The Final Cut

Review Date:
Director: Omar Naim
Writer: Omar Naim
Producers: Nick Wechsler
Actors:
Robin Williams as Alan
Mira Sorvino as Delila
Jim Caviezel as Fletcher
Plot:
In some distant future, society has integrated the capacity to “re-memorize” someone’s life after their death into our every day lives, including people called “cutters” who specialize in editing a deceased person’s memories into a “movie” to be played at their funeral. The expert cutter in the case of this film happens to be Patch Adams…that is, Robin Williams, and he runs into an issue from his own past, whilst cutting someone’s else life video. Got all that?
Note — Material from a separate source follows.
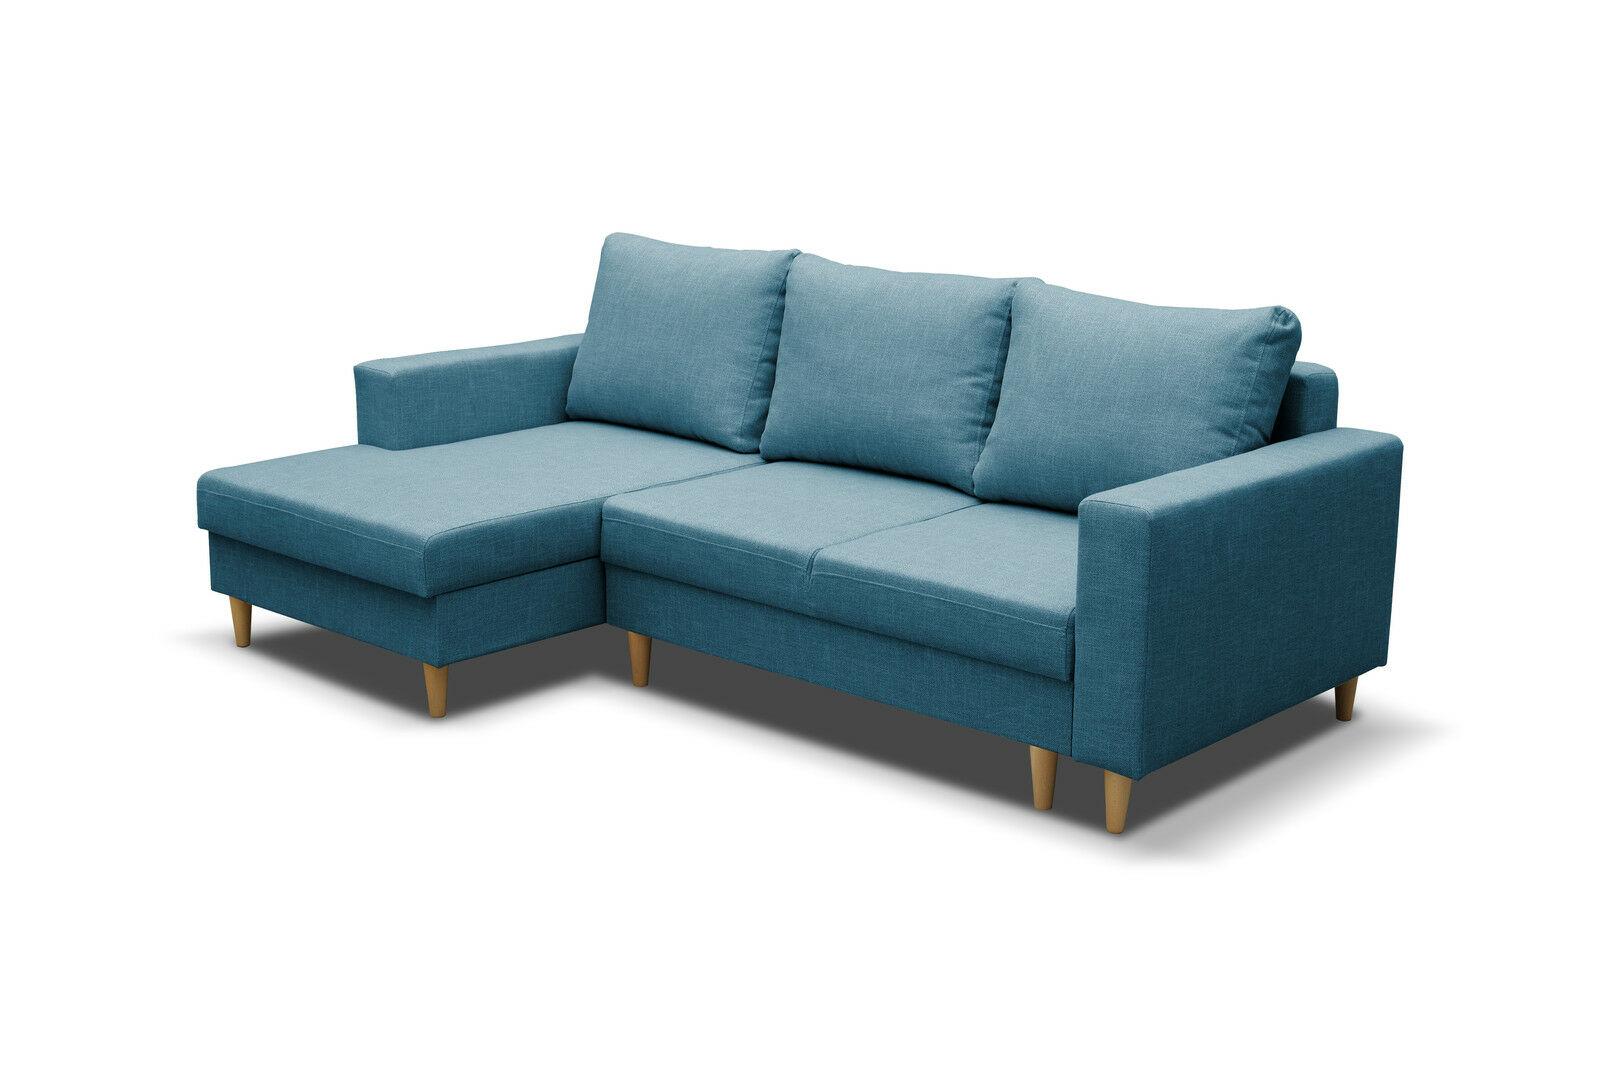 Couchgarnitur Vito Lme Sofa Polsterecke Couch Polstergarnitur
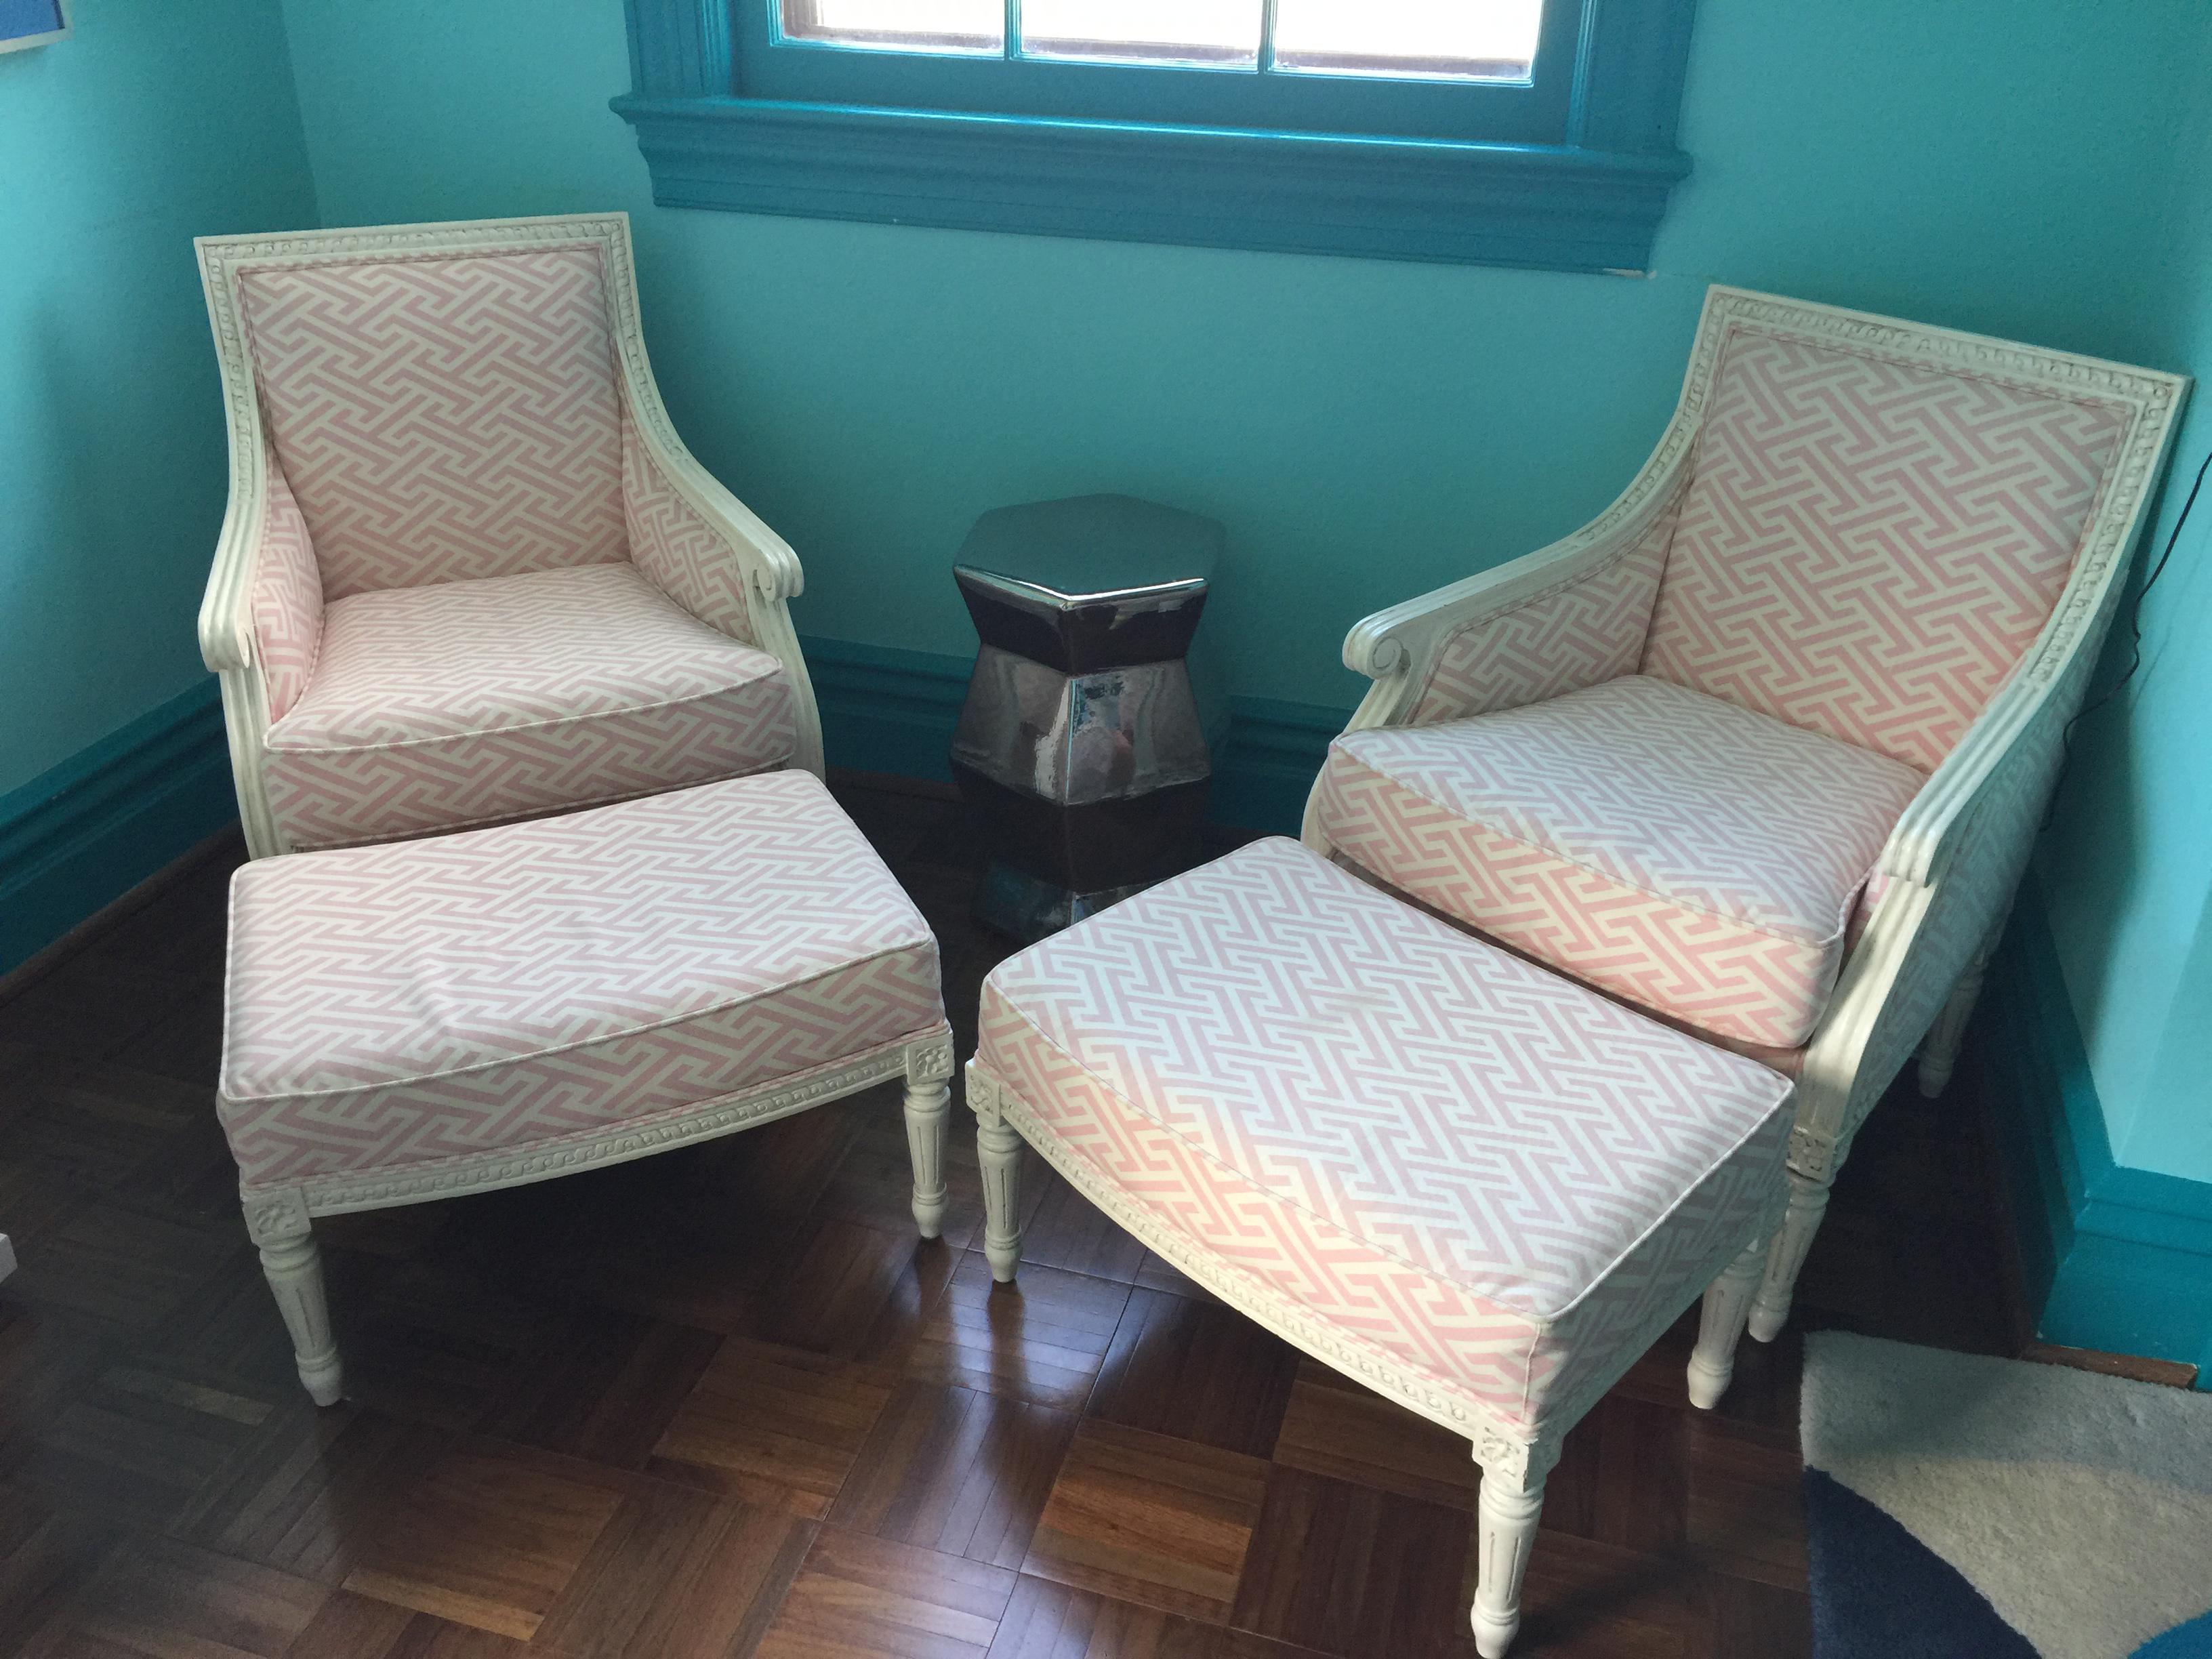 Superior Oly Studio Hanna Chair U0026 Ottoman Set   A Pair   Image 2 ...

It’s actually an interesting premise. Too bad the movie doesn’t take full advantage of it.
Critique:
This film reminded me a lot of GODSEND, another creepy flick that started off with an excellent premise, but ultimately just went very generic, didn’t really fulfill the numerous more interesting possibilities brought up by its concept and made you feel sorta empty inside, when all was said and done. And as if all that wasn’t enough…Mira Sorvino is in this one too! Granted, we’re all happy to find out that she’s actually still alive and making movies, but her character is about as empty a character as you can find in any film, and considering that Romjin-Stamos, at least, provided us with an “undie shot” in the aforementioned movie, we get little more than Sorvino’s limp acting in this one. I gave this film a rating that recommends you check it out “on video” only because it truly doesn’t deserve to be seen on the big screen, since it doesn’t live up to its potential in almost any way, but does provide you with enough stuff to think about– enough to check out in the privacy of your own den. The film’s first half hour is actually quite intriguing with a premise loaded with tangents from which to swing, but for some odd reason, the filmmaker decided to tie the movie down to a lame subplot about a group of weirdos against the idea of the “memory cutting” (which wasn’t really fulfilled), a lame subplot about Robin Williams’ weak relationship with the aforementioned daughter-of-Paul and ultimately, a plotline that concentrated more on Williams’ own character and his past, rather than the greater paths through which this sort of technology might have been exploited more creatively on film.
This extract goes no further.